In terms of visibility architecture, a one-size-fits-all concept does not apply, and each architecture design must be tailored to the specific requirements of an enterprise's network and overall business strategy. However, there is one thing common to all visibility architecture designs and that is reducing network costs without compromising performance or security.

Let's face it, network security and monitoring tools are expensive and budgets are tight. One significant way that visibility architecture reduces network costs is that it extends the life of the tools you currently have by improving their efficiency and performance. Let's take a quick look at some ways to achieve this:

Intelligent data filtering performed by an NPB and associated software significantly reduces the amount of unnecessary data sent to tools, increases their efficiency, and enables greater scalability.

Elimination of duplicates increases the efficiency and precision of the tools. Keysight customer feedback shows that deduplication increases tool efficiency by 30-50%.

Load Balancing lets you spread 40/100 Gigabit Ethernet (GE) loads across multiple low data rate tools to extend the life of tools that don't support higher speeds. Tools are often underused anyway, so you can do more with fewer tools.

Header stripping allows an NPB to easily strip unnecessary IP headers which helps tools avoid overhead that negatively impacts performance and security.

Long Burst Protection uses buffering to overcome packet delays so the NPB can see ALL packets even under micro-burst conditions which protects and secures data monitoring at all times.

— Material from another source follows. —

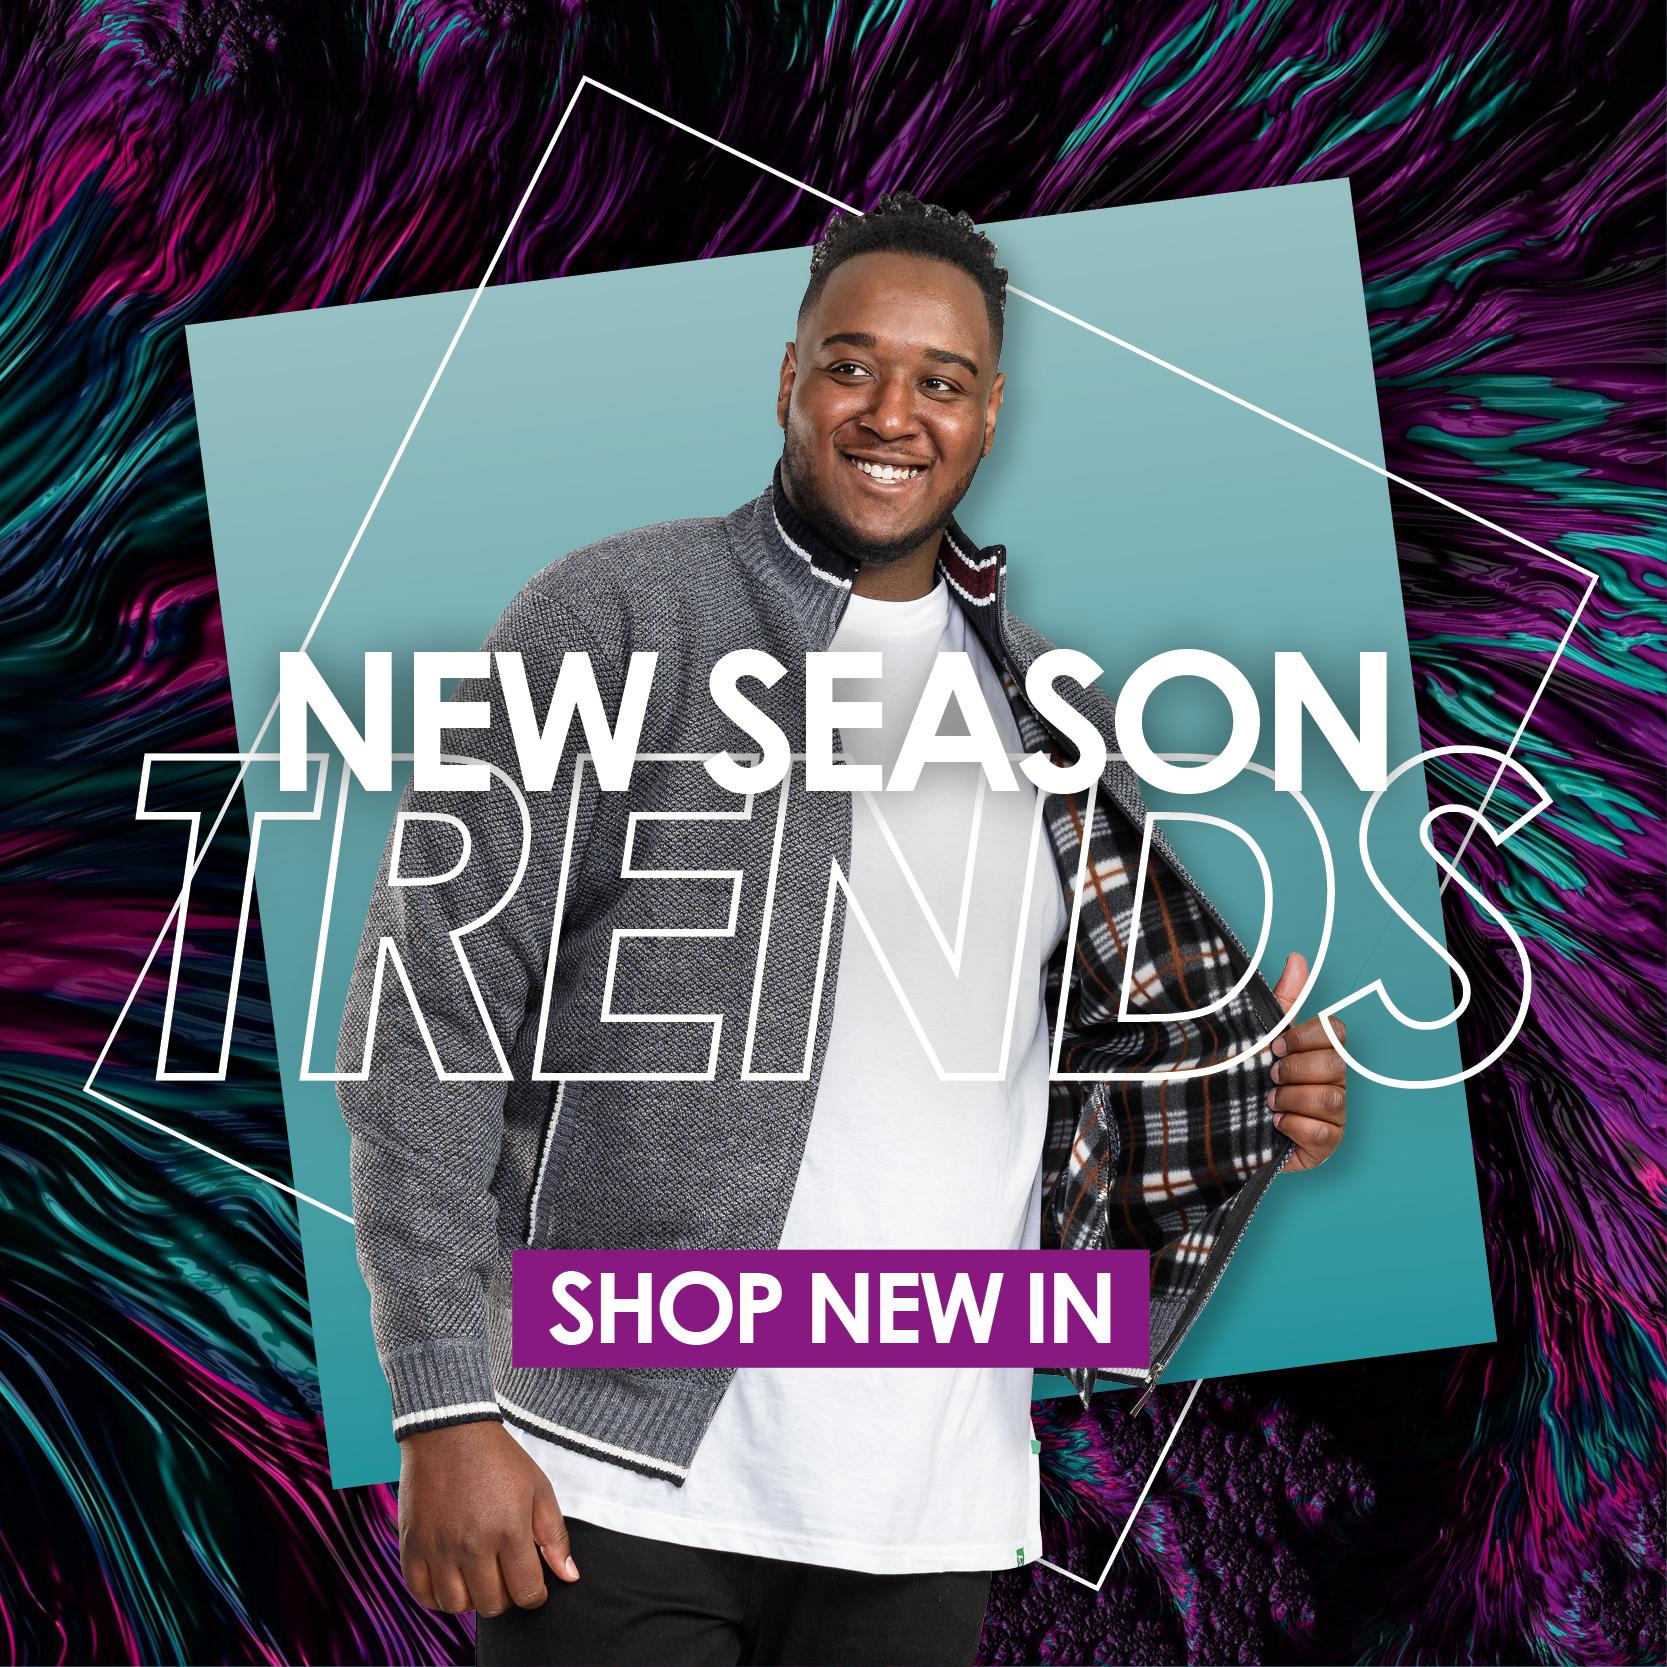 New Season Trends

Centralized management using a single dashboard and an easy-to-use drag-and-drop graphical user interface (GUI) that dramatically reduces debugging time and mean time to repair (MTTR). Having this unified view of all network traffic also simplifies monitoring.

By creating a visibility architecture, you can clearly visualize all traffic and any inefficiencies or blind spots that may exist in your network. Because partial visibility is not enough.